Hob’s story is a classic one of rising to power and authority, and moving to do what is right. As we meet Hob, she is just an enforcer in The Ghost Wolves, a for-hire outfit that really is not much more than a gang. They ride bikes, they hire themselves out for pay (rather than being raiders and reavers) and they exist in the liminal space of the desert. Hob does not have much authority within The Ghost Wolves, even given her affinity and relationship with Old Nick, their leader. However, one inciting incident, one small pebble, is poised to launch both Hob and the Ghost Wolves down a scree slope to destinations neither Hob nor the rest of the Wolves expect. It’s interesting and intriguing character development and growth for Hob and her “family”.

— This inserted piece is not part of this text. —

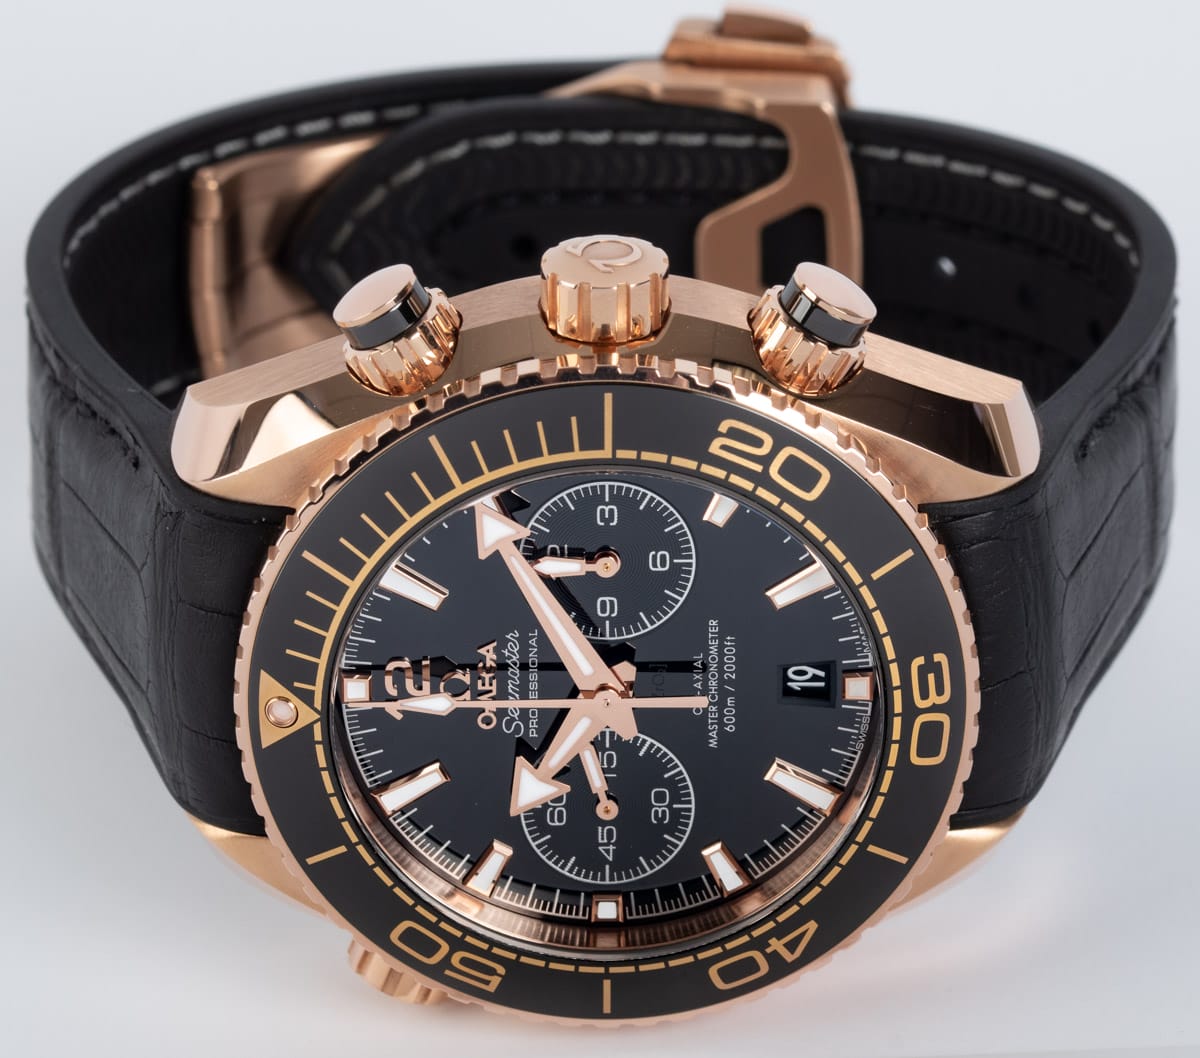 Front View of Seamaster Planet Ocean Chronograph
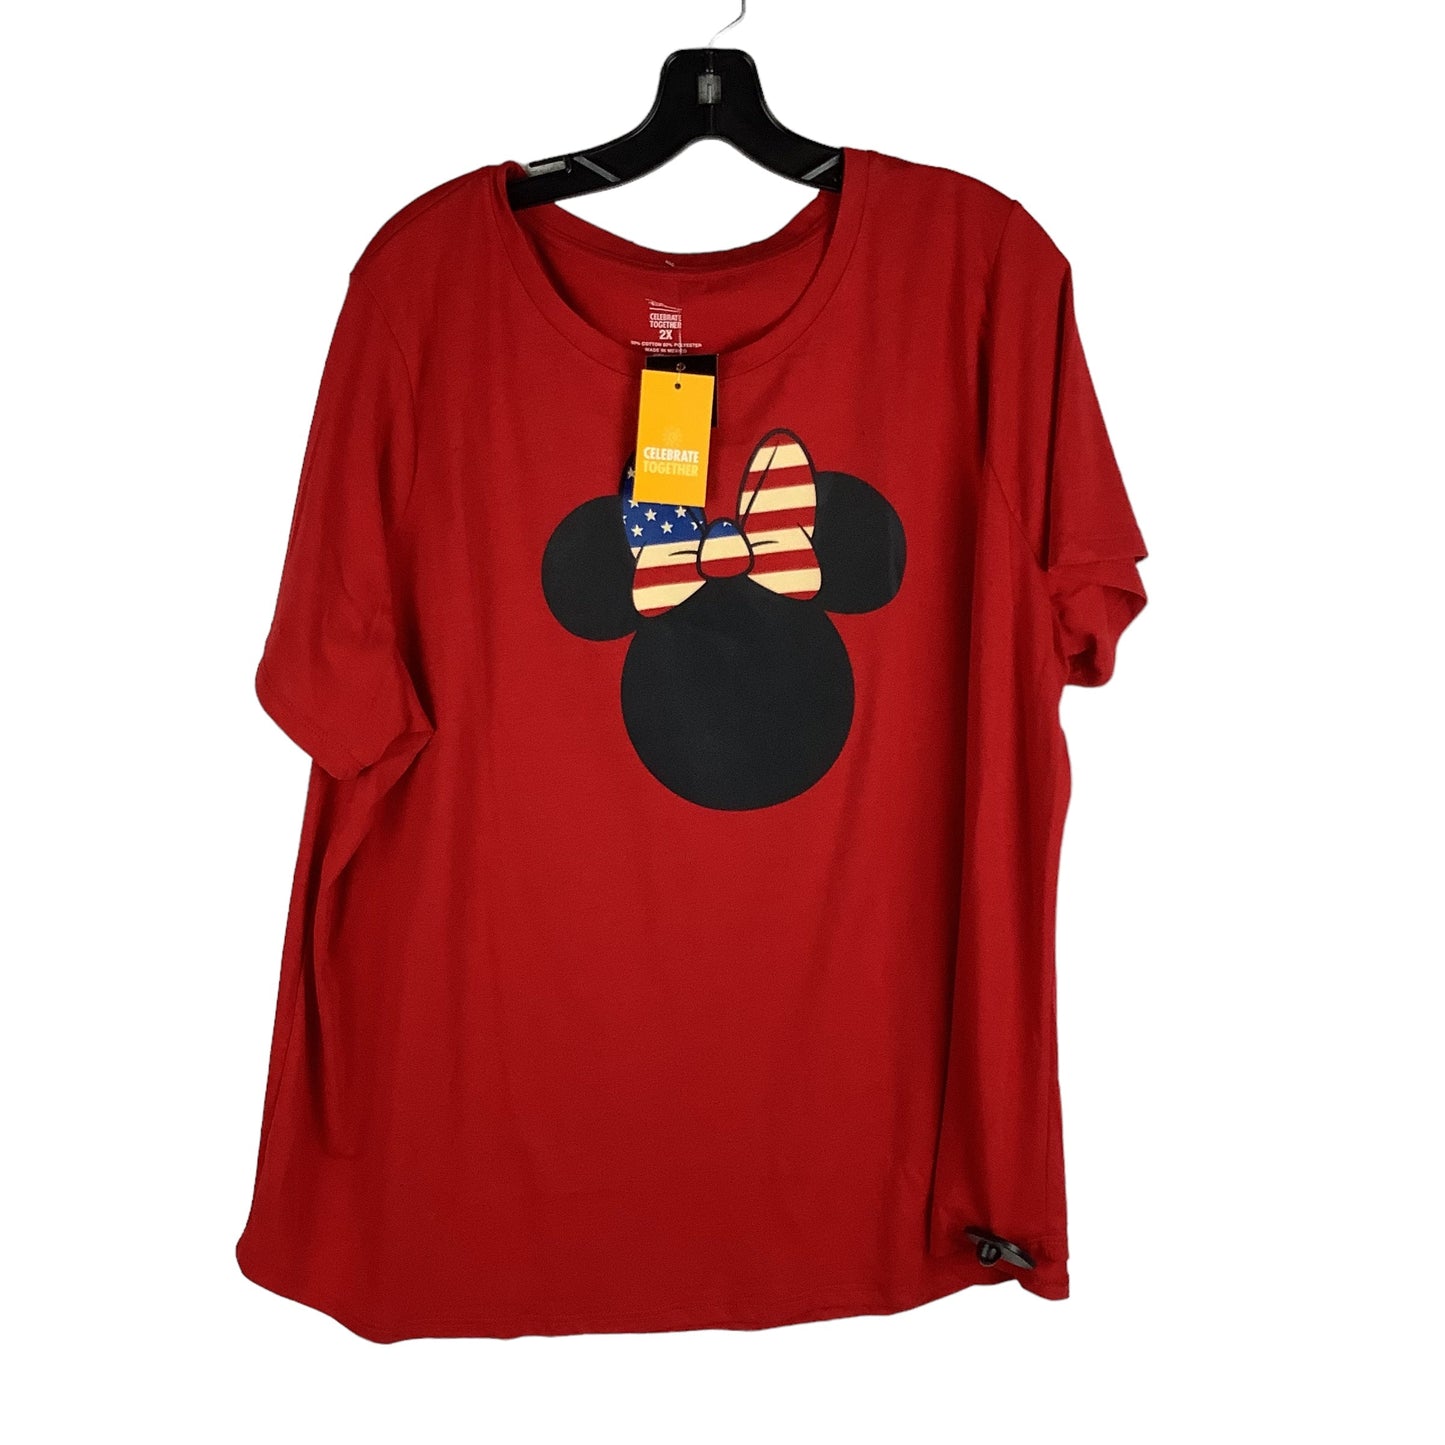 Red Top Short Sleeve Basic Disney Store, Size 2x

The worldbuilding of the novel, no surprise, drew me in. In real life, the author is a geologist, and so brings the reader into the desert landscape in a real and immersive way. Readers who think that a desert is just endless sand dunes will be disabused of the notion, as Wells’ characters inhabit and make use of the variety of desert experience. I could feel my footsteps on the hardpan of the desert on Tanegawa’s World, the sands of the dunes, and life and a sense of place on a dry, alien world. There are hints of the bigger universe, how the Weathermen pilot ships for faster than light travel, that there are many worlds beyond Earth and Tanegawa’s World out there in this ’verse. Overall, Wells’ writing puts the reader into the universe, onto the planet, and onto the bikes and trains (oh the trains!) that cross the dusty landscape. The only other thing I could hope for, and they are sadly rather out of fashion these days, is a Clement/Anderson style description of the Tanegawa solar system.

Beyond the sense of place, and in addition to Hob, the novel’s minor thread and key focuses on Meg. In a braiding loop of past and present points of view with Hob’s until they meet, we get to see Meg’s point of view of the mess that draws Hob into her story, and ultimately propels Hob’s story forward. Once they are in the same time frame, Meg’s story continues in a minor key from that point, with the novel far more interested in Hob than Meg. If Hob’s story is one of rising to authority and responsibility and taking a stand, Meg, some steps further back on the path, is of an awakening to who and what she is. I am torn that the whip-fast and lean plotting and pacing of the novel makes it impossible for Meg to get more of her story out, especially as a foil and a reflection to Hob herself.

Finally, I want to mention the action beats in the novel. With a gang on a desert planet going up against a corporation and other comers, you’d expect, in addition to worldbuilding and character development, you are going to get some high-octane action. The novel delivers in spades, from up close and brutal fights, to racing alongside a train, to things I don’t want to spoil. There are quiet beats of character development and movement along those lines, and then the clean clear lines of Hob and the Wolves’ nature comes into sharp focus. The action beats are sharp and there aren’t any “50 page combats”. In addition, they are clean, clear and crisp.

And if the cover, with Hob in full witchiness mode, with a bike, and a spaceship in the desert world background,  doesn’t make you at least curious about the book, there is no hope for you in my eyes.

Sharp, honed, and brilliant, this debut novel makes me want more set on Tanegawa’s World, more with Hob and Mag, and just more in this universe. It’s clear there are plenty of other worlds in this universe that Wells could visit, and introduce us to the characters who inhabit them. How about it, Alex?